Obwohl die Worte nur ein Hauch waren und darüber hinaus im Stakkato des Starkregens untergingen, verstummte der Regenmann nach dieser einen Zeile sofort wieder. Die Frau im Haus, die er nun schon seit einer Stunde geduldig beobachtete, konnte ihn zwar auf keinen Fall hören, dennoch wollte er kein Risiko eingehen. Der Regen würde es ihm nie verzeihen, wenn er hier und heute einen Fehler beging und versagte.

Deshalb beschränkte er sich von nun an wieder vollständig aufs Beobachten und verhielt sich dabei mucksmäuschenstill.

Da im Wohnzimmer des Hauses Licht brannte, konnte er dabei zusehen, wie die Frau in diesem Moment wieder das Zimmer betrat und mit ihrer Katze sprach. Natürlich konnte er die Worte der Frau ebenso wenig hören wie sie zuvor seinen leisen Gesang. Dafür war der Regen zu laut und er zu weit entfernt. Außerdem befand sie sich innerhalb des Hauses, und er kauerte draußen im Garten zwischen den Büschen. Er konnte jedoch sehen, wie sich ihre Lippen bewegten. Das Tier reagierte allerdings nicht auf die Worte der Frau mit den kurzen blonden Haaren. Es saß direkt vor der Terrassentür und starrte nach draußen.

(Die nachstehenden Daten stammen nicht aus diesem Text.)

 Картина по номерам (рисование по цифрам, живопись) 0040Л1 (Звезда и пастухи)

Der Regenmann erwiderte den Blick der Katze und erschauderte. Obwohl er hinter den Büschen hockte, die Regentropfen einen dichten Vorhang bildeten und er in seinen schwarzen Regensachen mit der Dunkelheit verschmolz, hatte er dennoch das Gefühl, dass das Tier ihn ansah. Es starrte, ohne ein einziges Mal zu blinzeln, genau in seine Richtung. Unter Umständen spürte es mit seinen viel feineren Sinnen seine Gegenwart.

Blödes Vieh!

Er mochte keine Tiere, schon gar keine Katzen. Auf seinen nächtlichen Streifzügen war er vielen begegnet und hatte stets einen Bogen um sie gemacht. Vor allem konnte er es nicht ausstehen, wie sie ihn ansahen: ohne jede Furcht und so wissend und gleichzeitig berechnend. Als könnten sie in sein Innerstes sehen, seine verborgensten Gedanken erfassen und wüssten alles über ihn, sogar seine finstersten Geheimnisse.

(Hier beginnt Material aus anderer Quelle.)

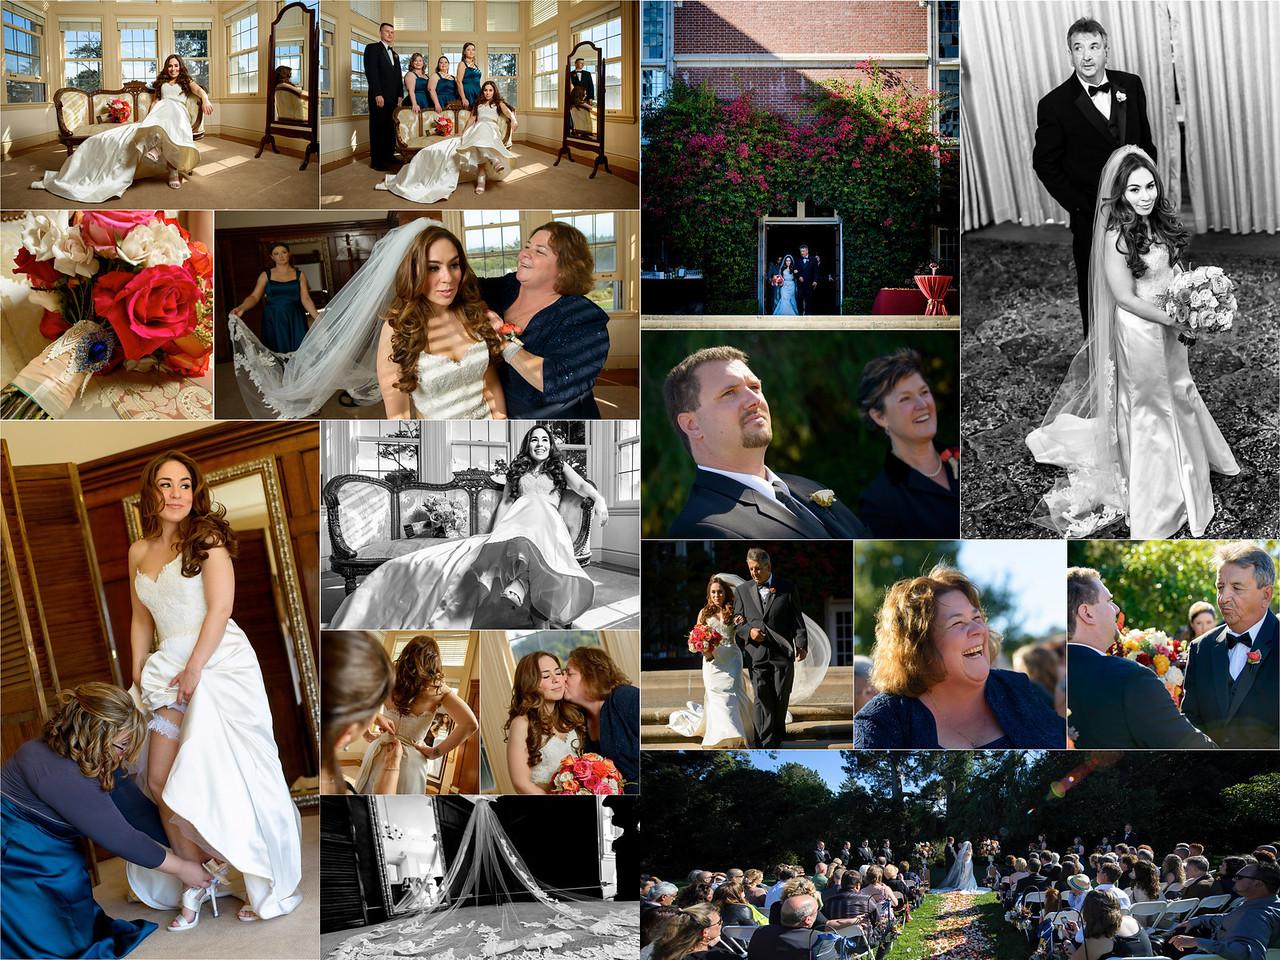 Danielle_and_Tony_Wedding_Photography_4x6_Photo_Board_02

Er erschauderte erneut unter dem intensiven Blick des Tiers.

Am liebsten wäre es ihm gewesen, wenn die Frau überhaupt keine Katze gehabt hätte. Doch er war einen Deal eingegangen und hatte zugestimmt, sie zu töten. Deshalb musste er jetzt auch mit ihrem Haustier klarkommen, ob er wollte oder nicht.

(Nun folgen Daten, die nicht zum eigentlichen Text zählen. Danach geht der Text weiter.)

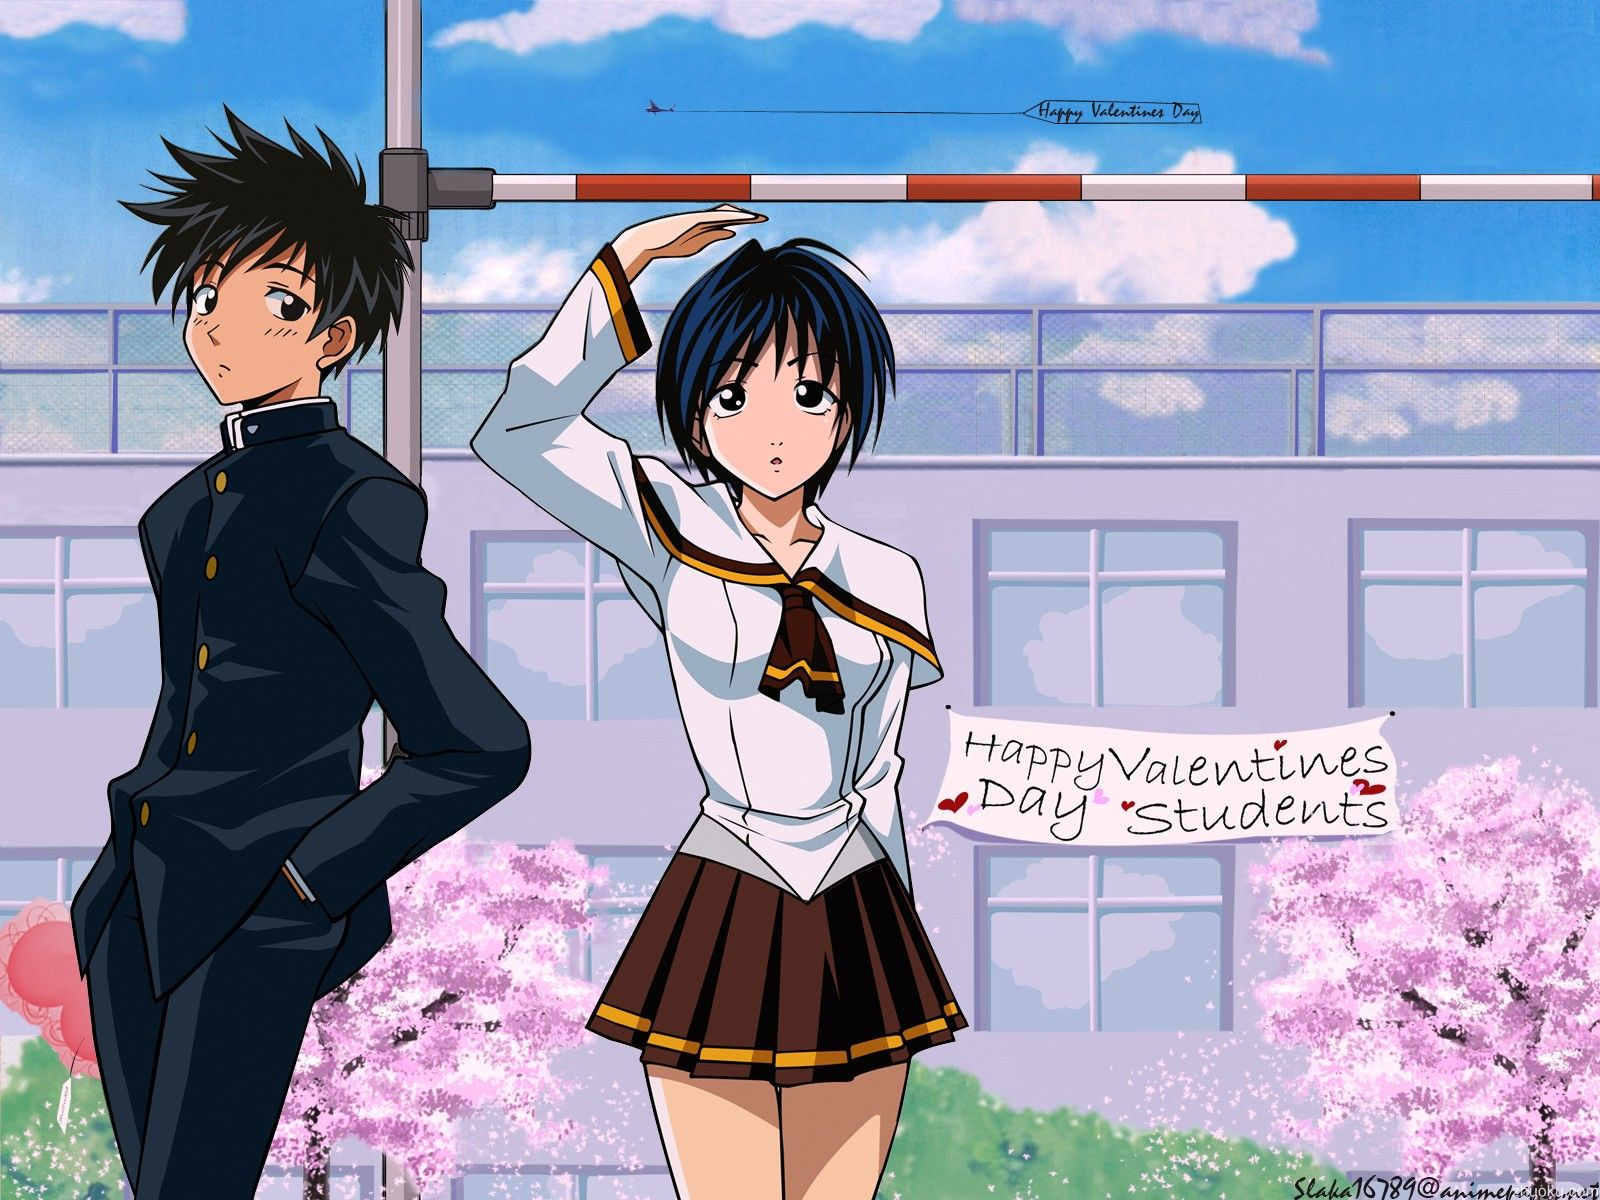 Suzuka is about a skilled high jumper Suzuka Asahina and a

Er seufzte tief. Dann wandte er rasch den Blick von der Katze und sah wieder zu der Frau.

Der Regen schien seine Nervosität und Verunsicherung zu spüren. Er sprach wieder in seiner sanften Regentropfenstimme zu ihm.

Die Katze ist kein Problem, flüsterte der Regen, denn sie ist kein Gegner für dich. Zuerst tötest du die Frau und anschließend kümmerst du dich um das Tier. So ist es vereinbart.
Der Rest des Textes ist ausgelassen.